### TASK TO COMPLETE
Copy the listing that follows exactly. Its pictures do not belong in the copy.

### RECORDED INFORMATION

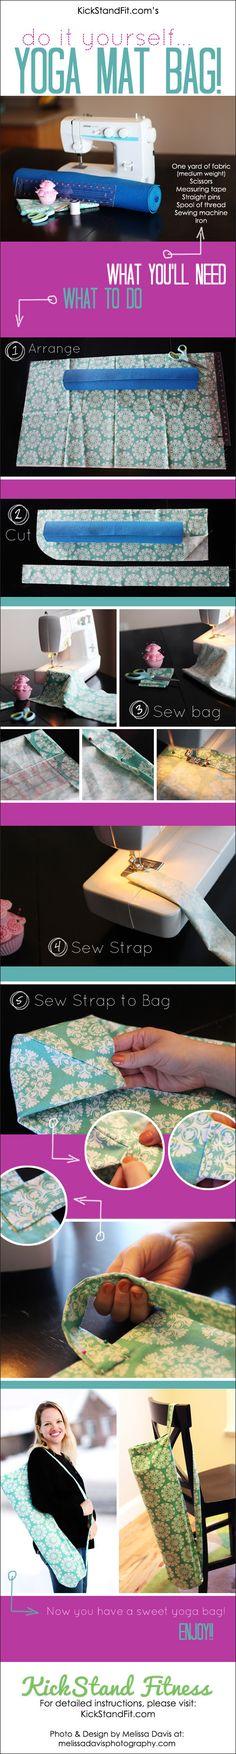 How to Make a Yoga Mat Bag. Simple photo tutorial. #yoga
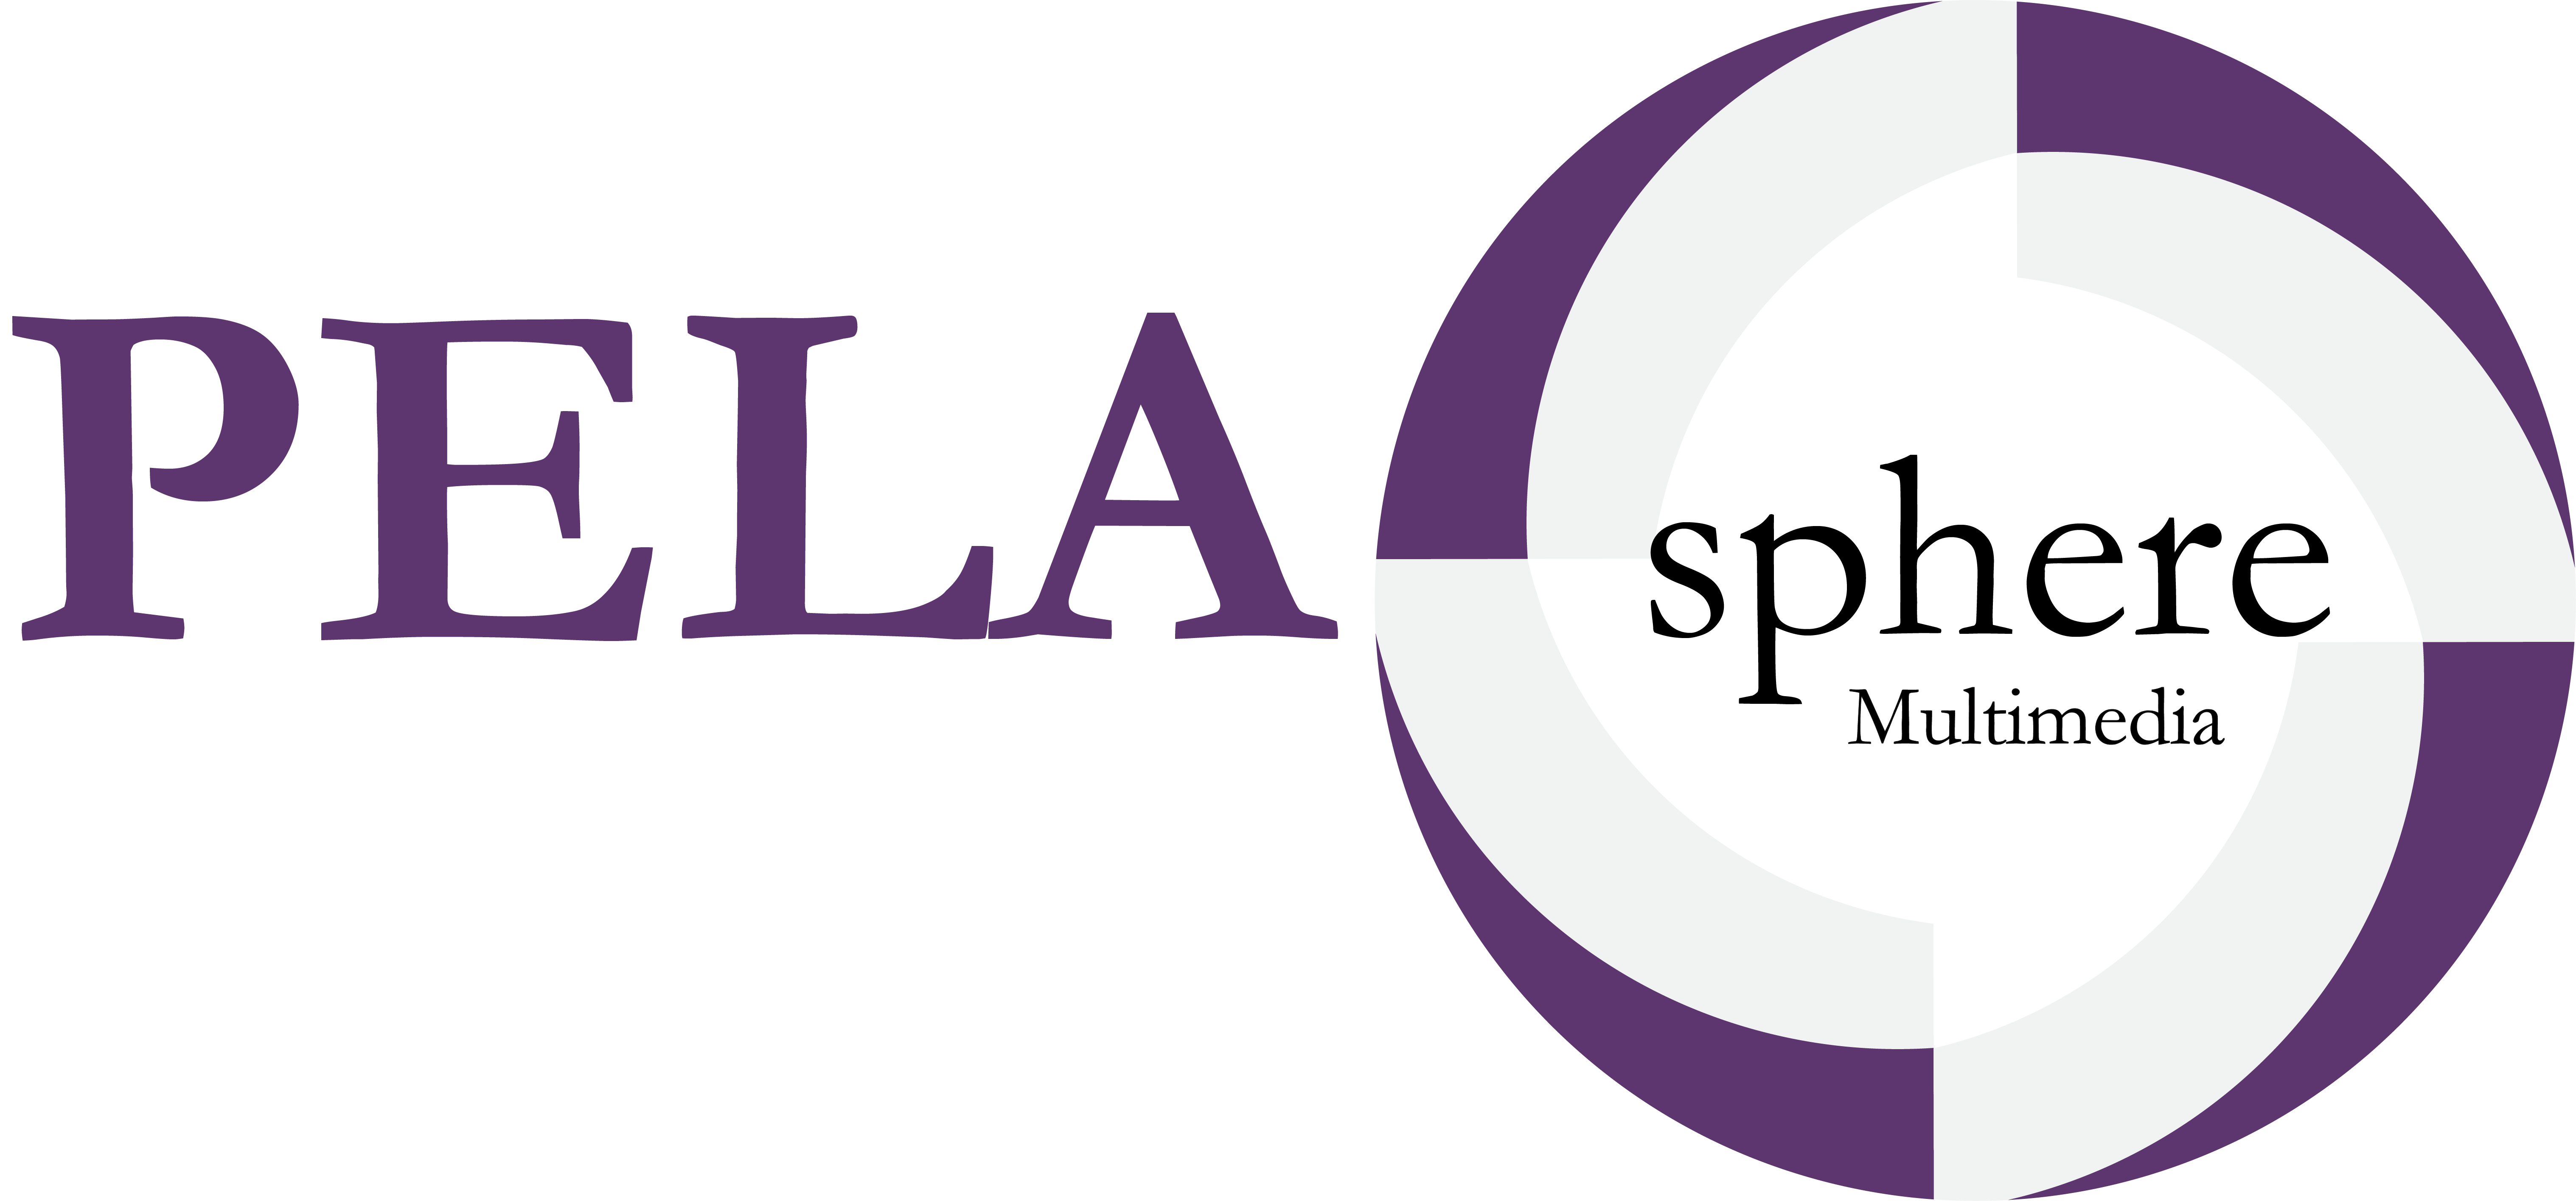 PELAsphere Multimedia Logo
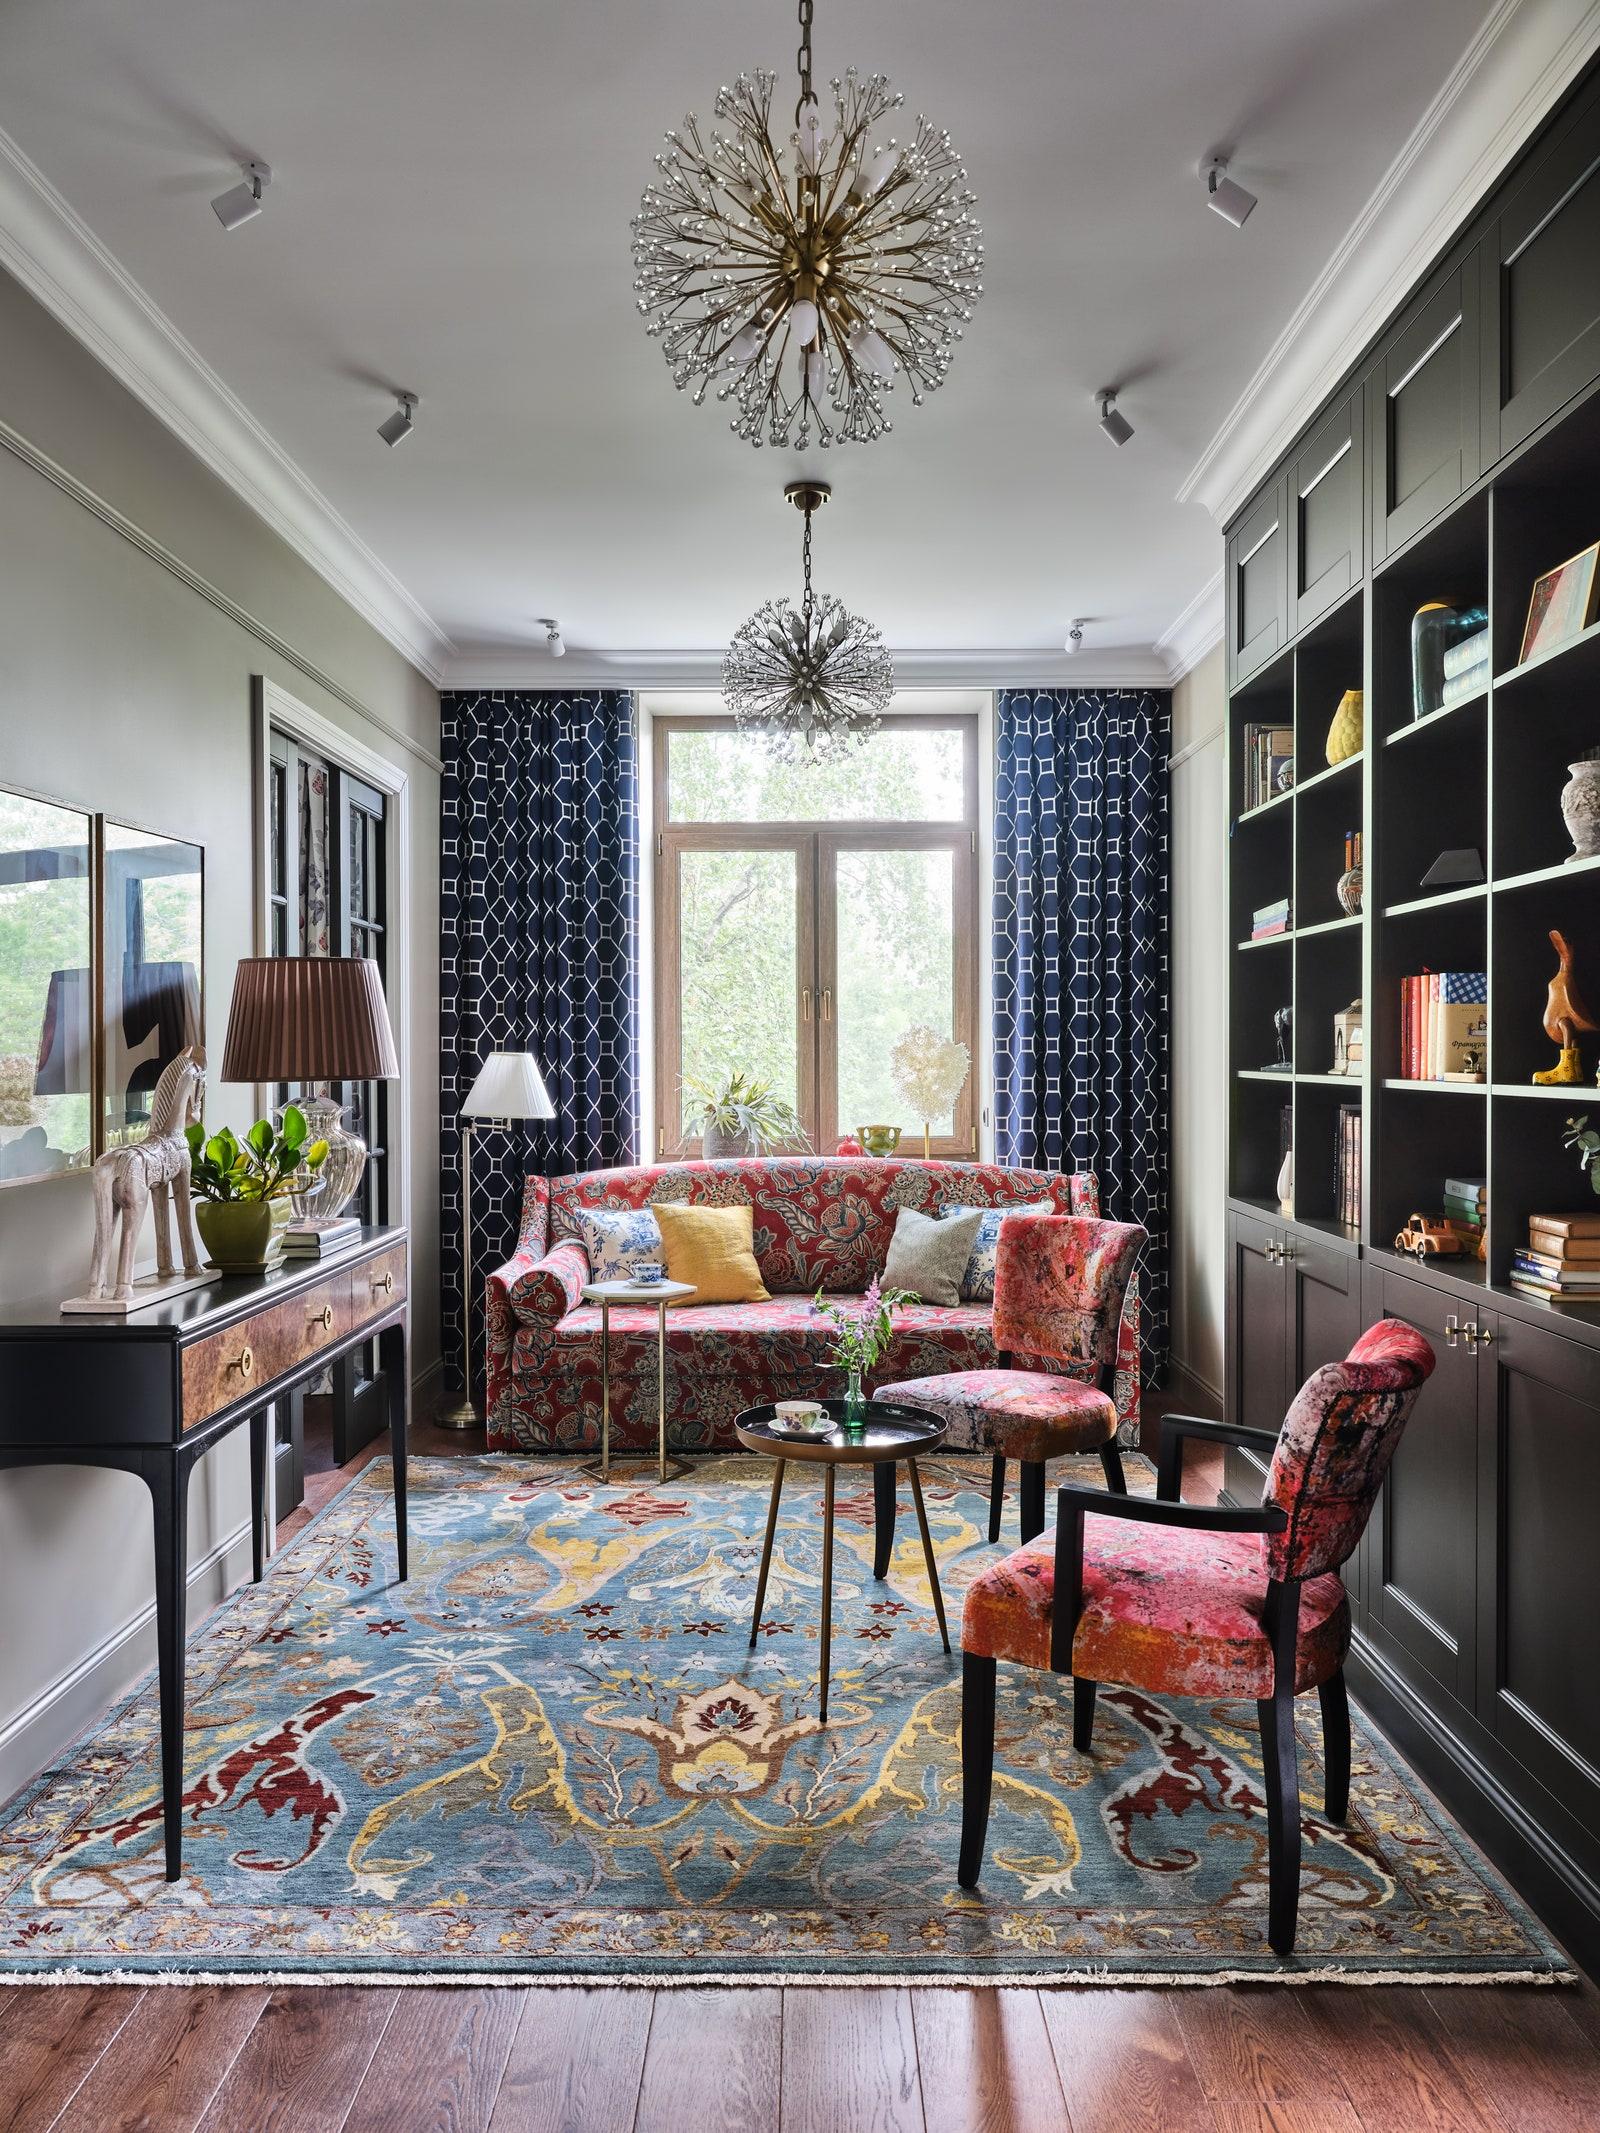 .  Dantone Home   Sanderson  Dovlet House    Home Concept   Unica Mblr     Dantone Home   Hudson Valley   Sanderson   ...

### TASK ANSWER
 How to Make a Yoga Mat Bag. Simple photo tutorial. #yoga
 PELAsphere Multimedia Logo
 .  Dantone Home   Sanderson  Dovlet House    Home Concept   Unica Mblr     Dantone Home   Hudson Valley   Sanderson   ...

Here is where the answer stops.